● Task to carry out:
Print out the data exactly, keeping every image out of it.

● Dataset content:
■ ■ ■ ■ ■ ■ ■
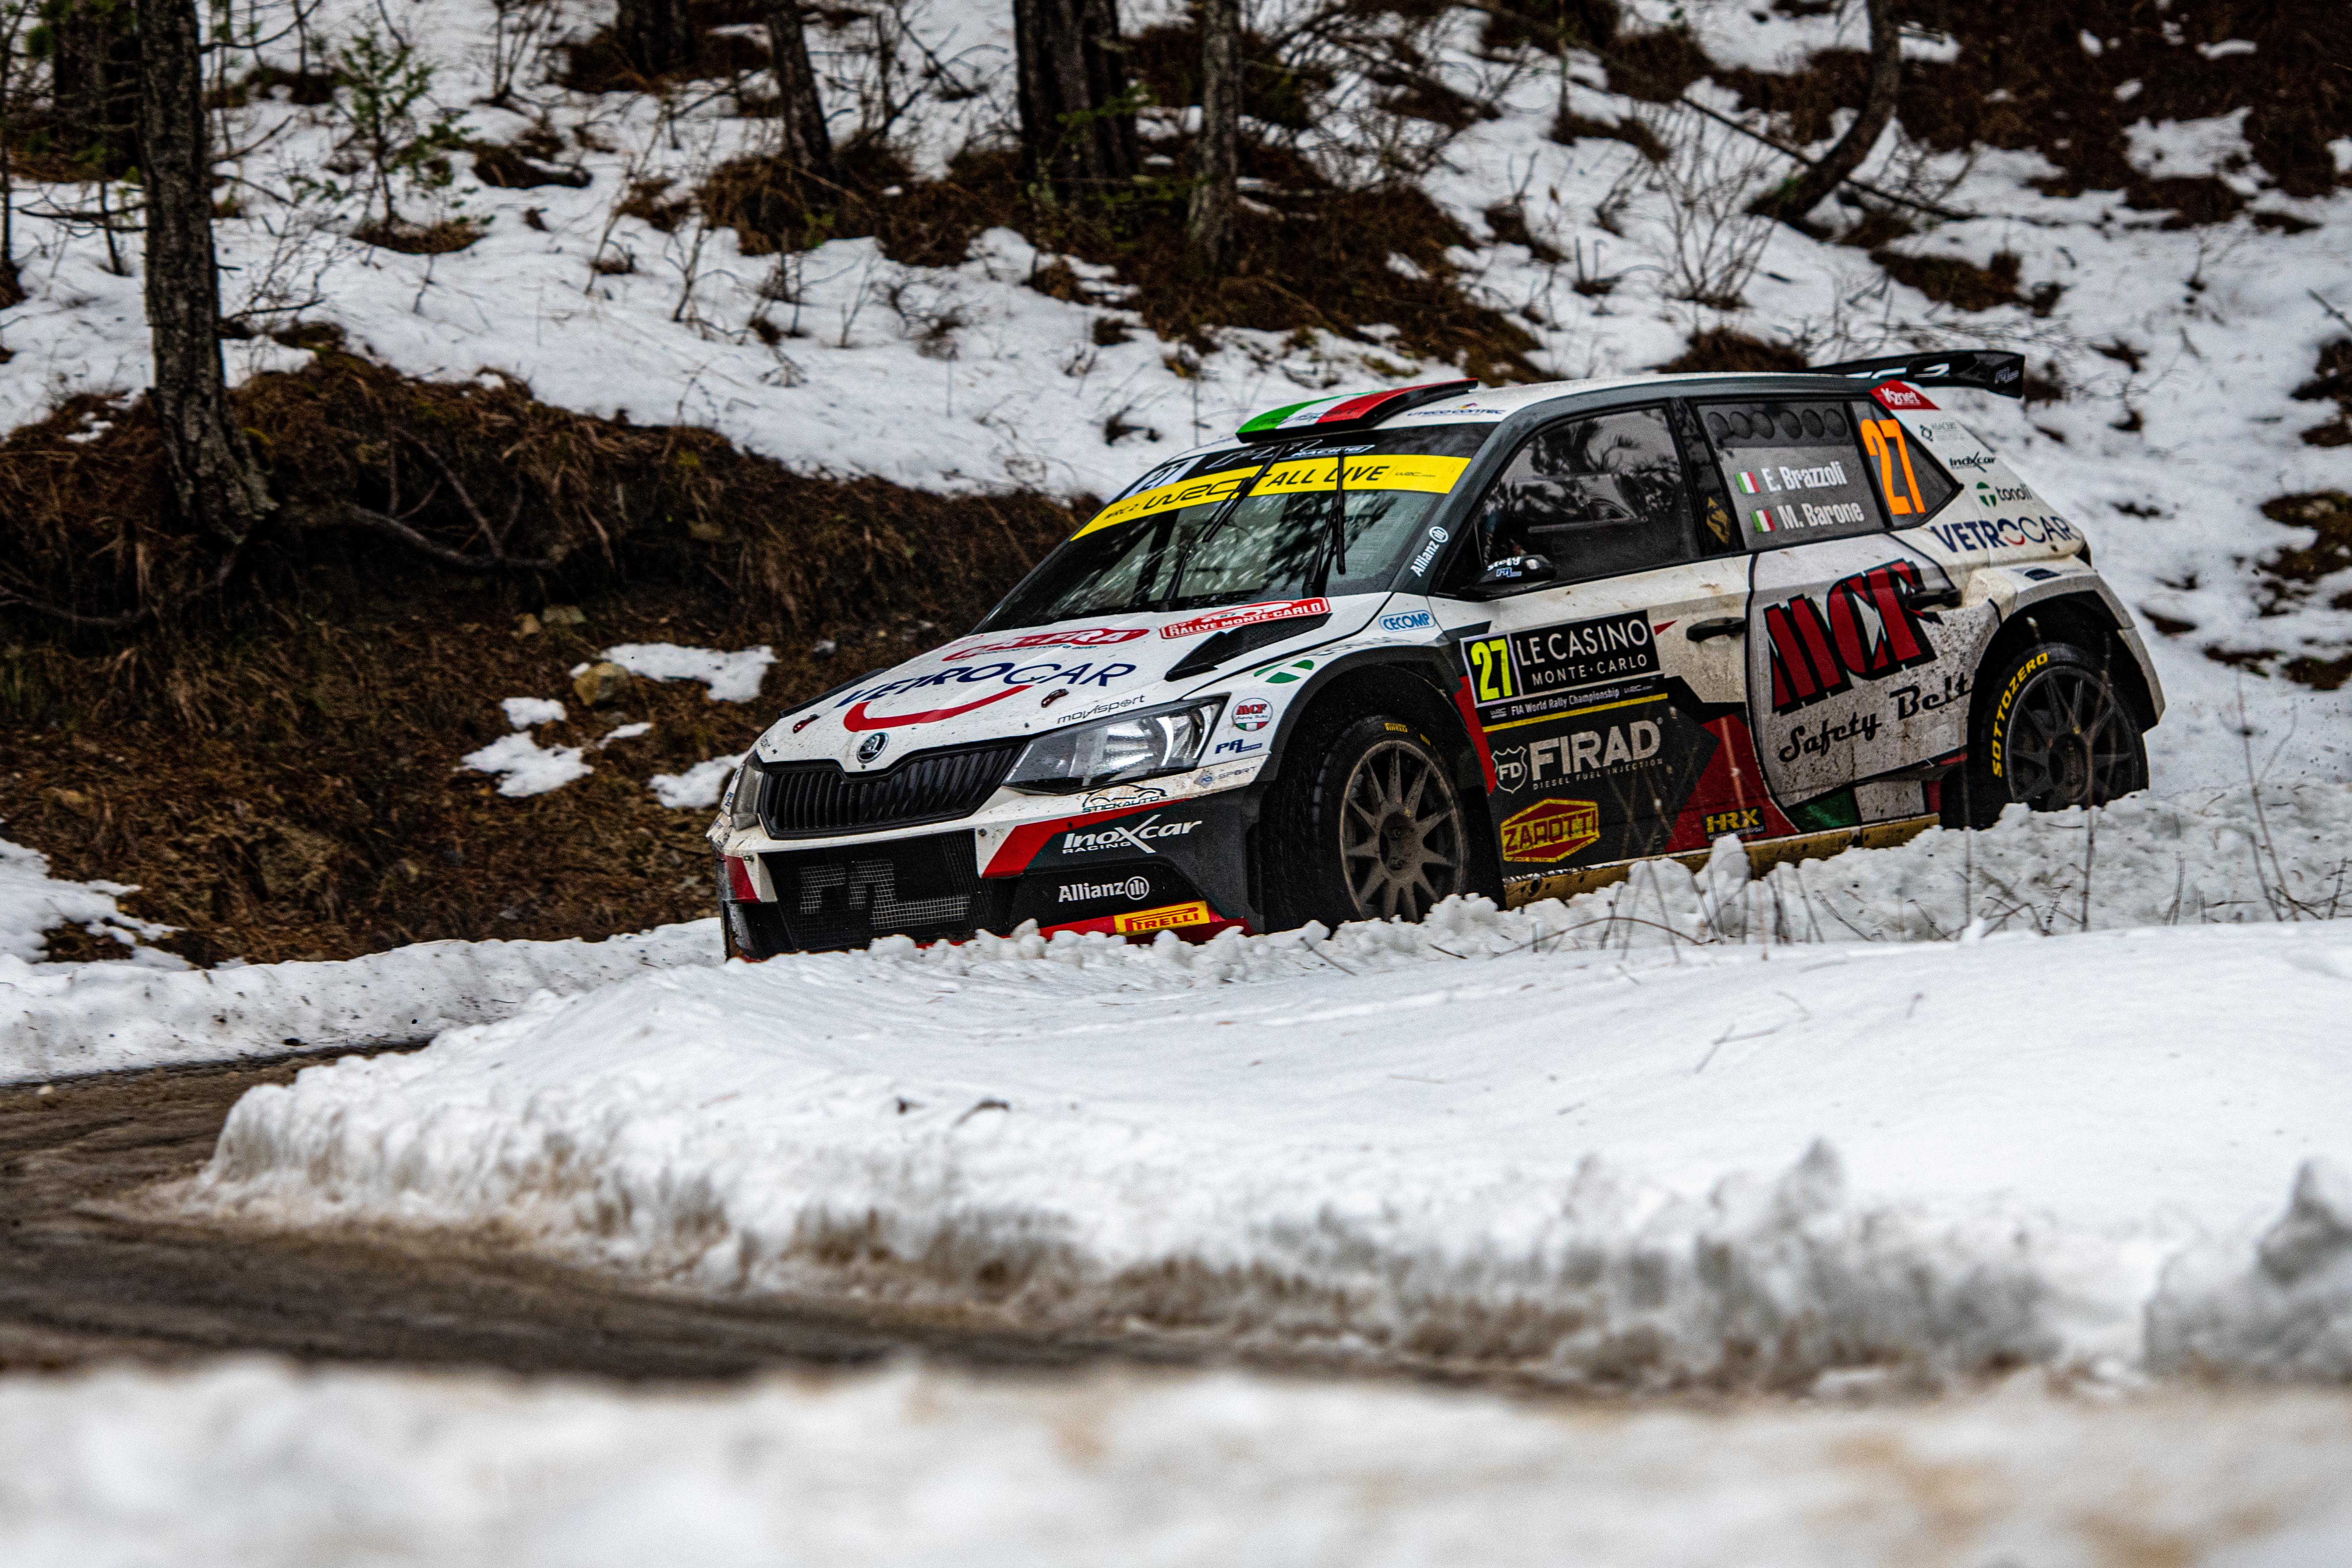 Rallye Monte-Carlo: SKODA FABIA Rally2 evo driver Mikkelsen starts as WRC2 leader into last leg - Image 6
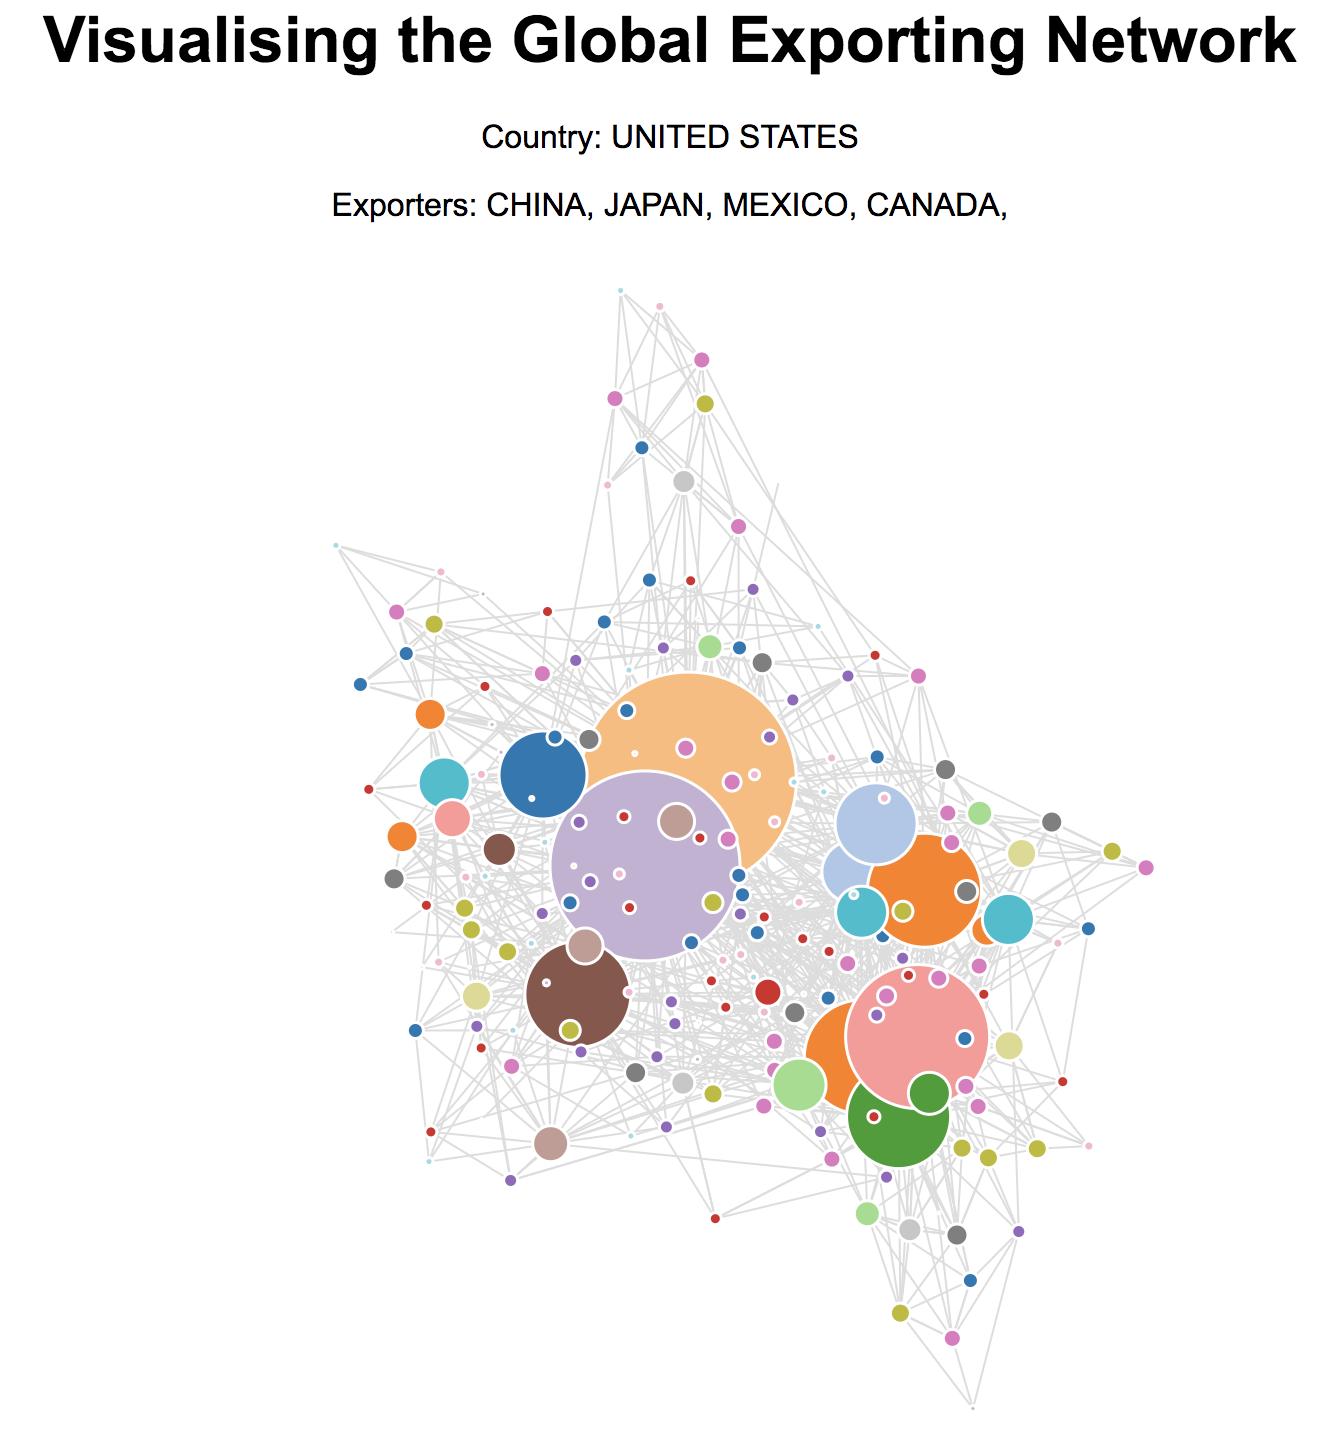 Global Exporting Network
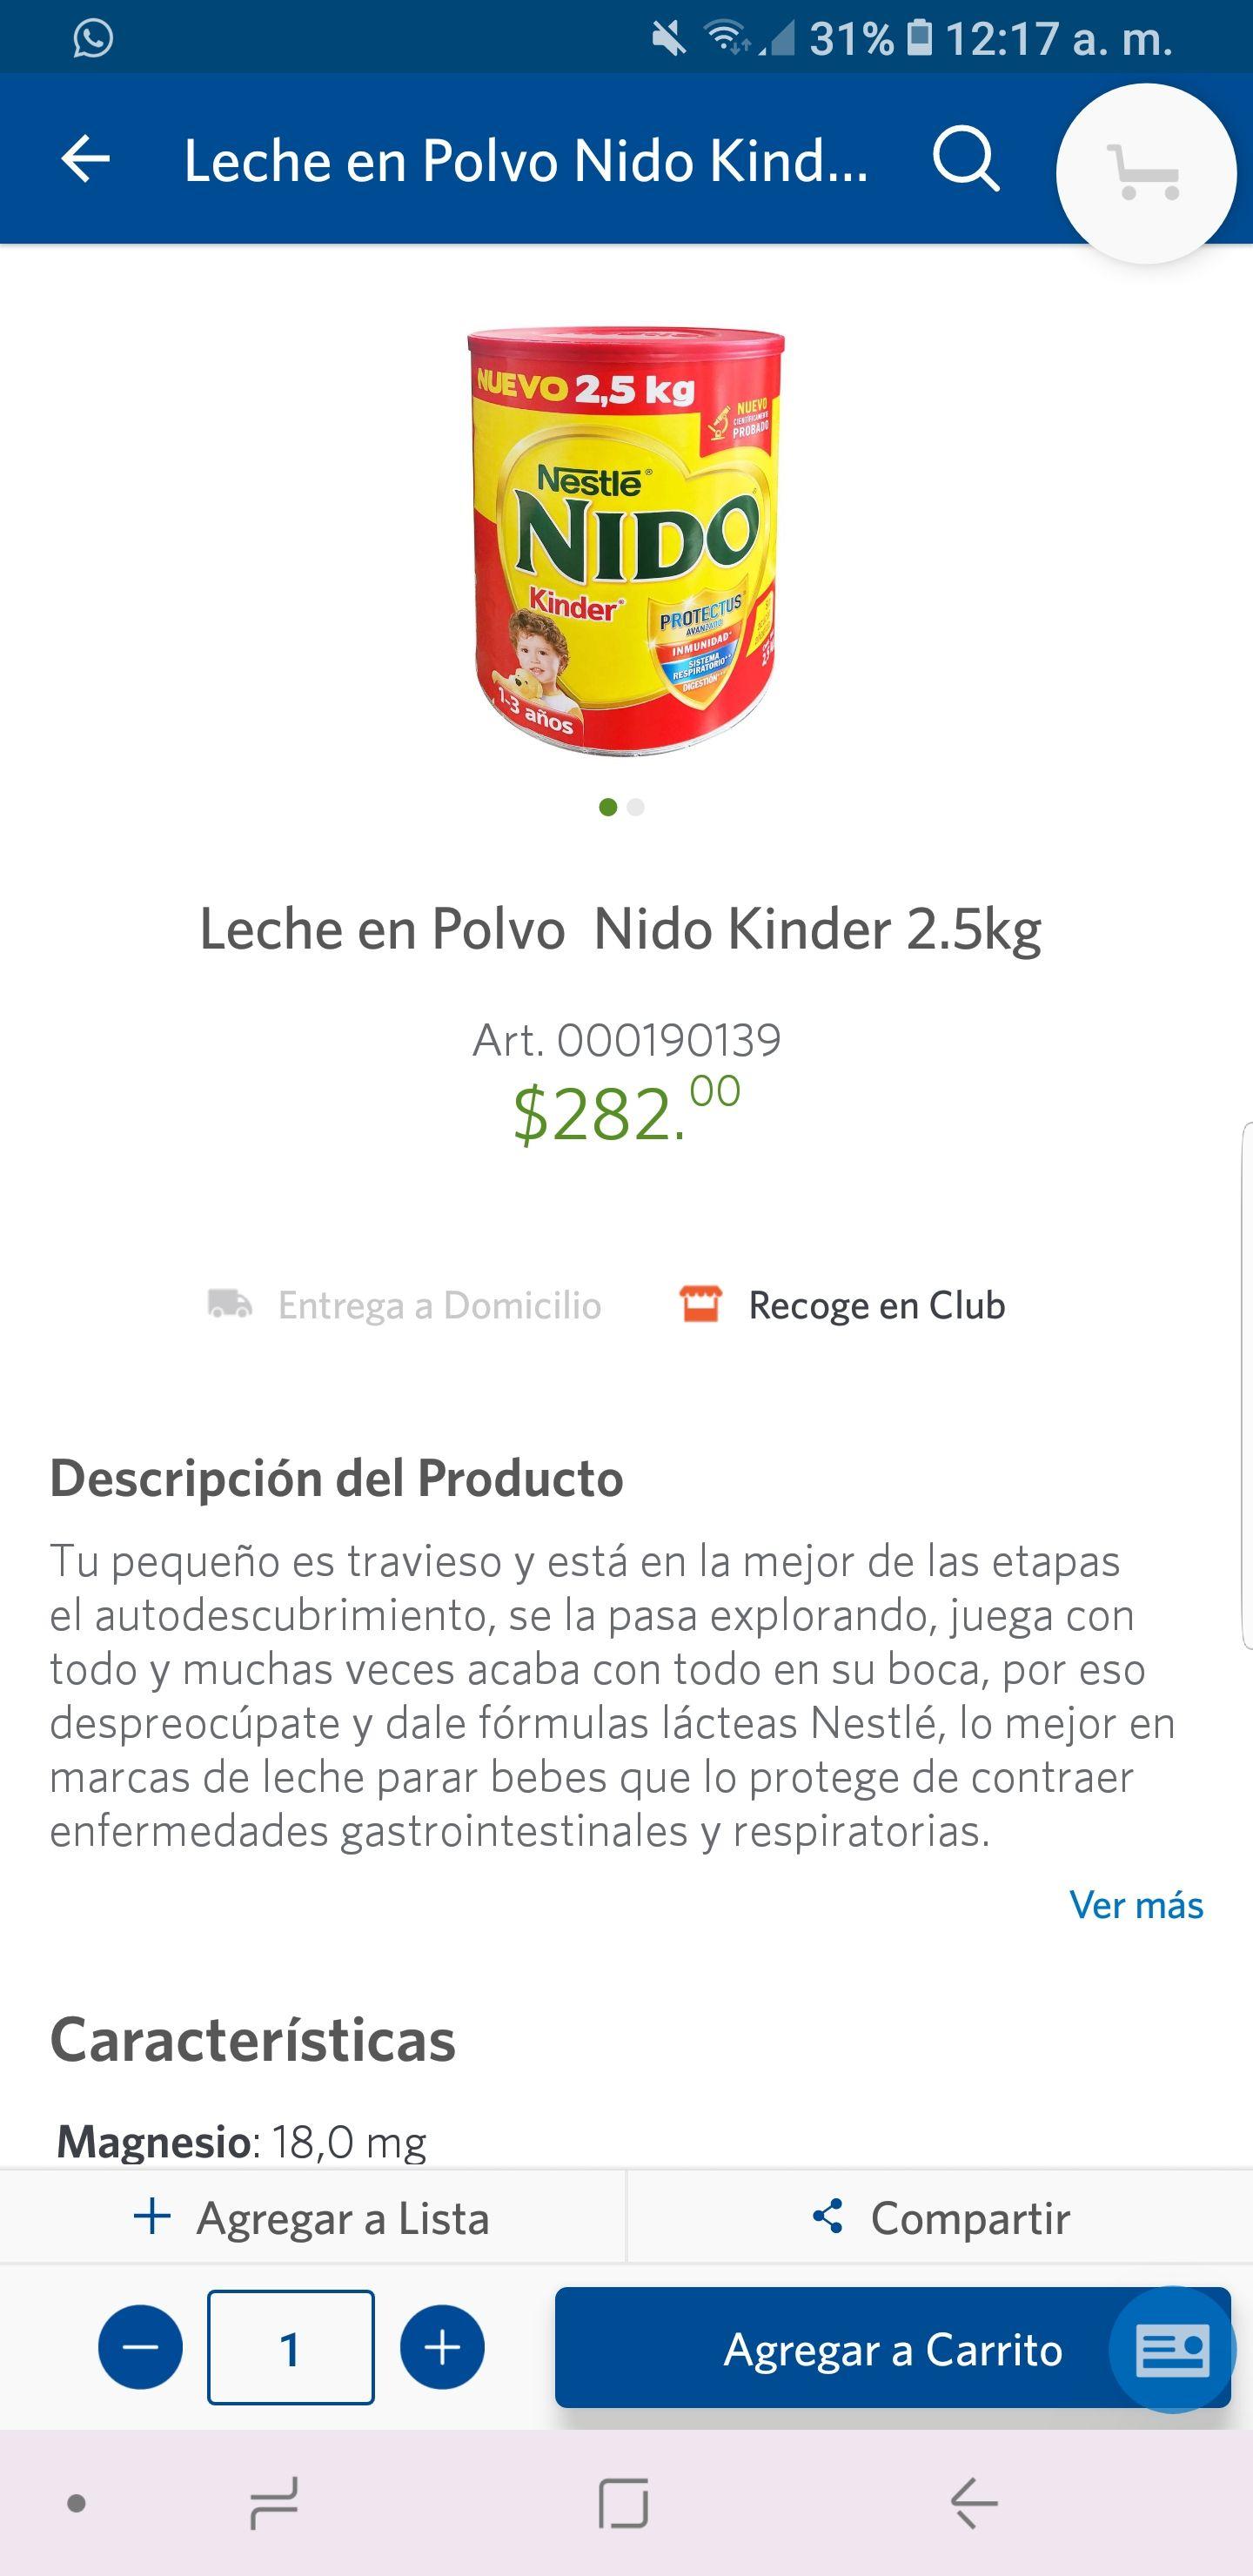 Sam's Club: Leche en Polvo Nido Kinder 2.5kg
■ ■ ■ ■ ■ ■ ■
● Solution to this exercise:
 Rallye Monte-Carlo: SKODA FABIA Rally2 evo driver Mikkelsen starts as WRC2 leader into last leg - Image 6
 Global Exporting Network
 Sam's Club: Leche en Polvo Nido Kinder 2.5kg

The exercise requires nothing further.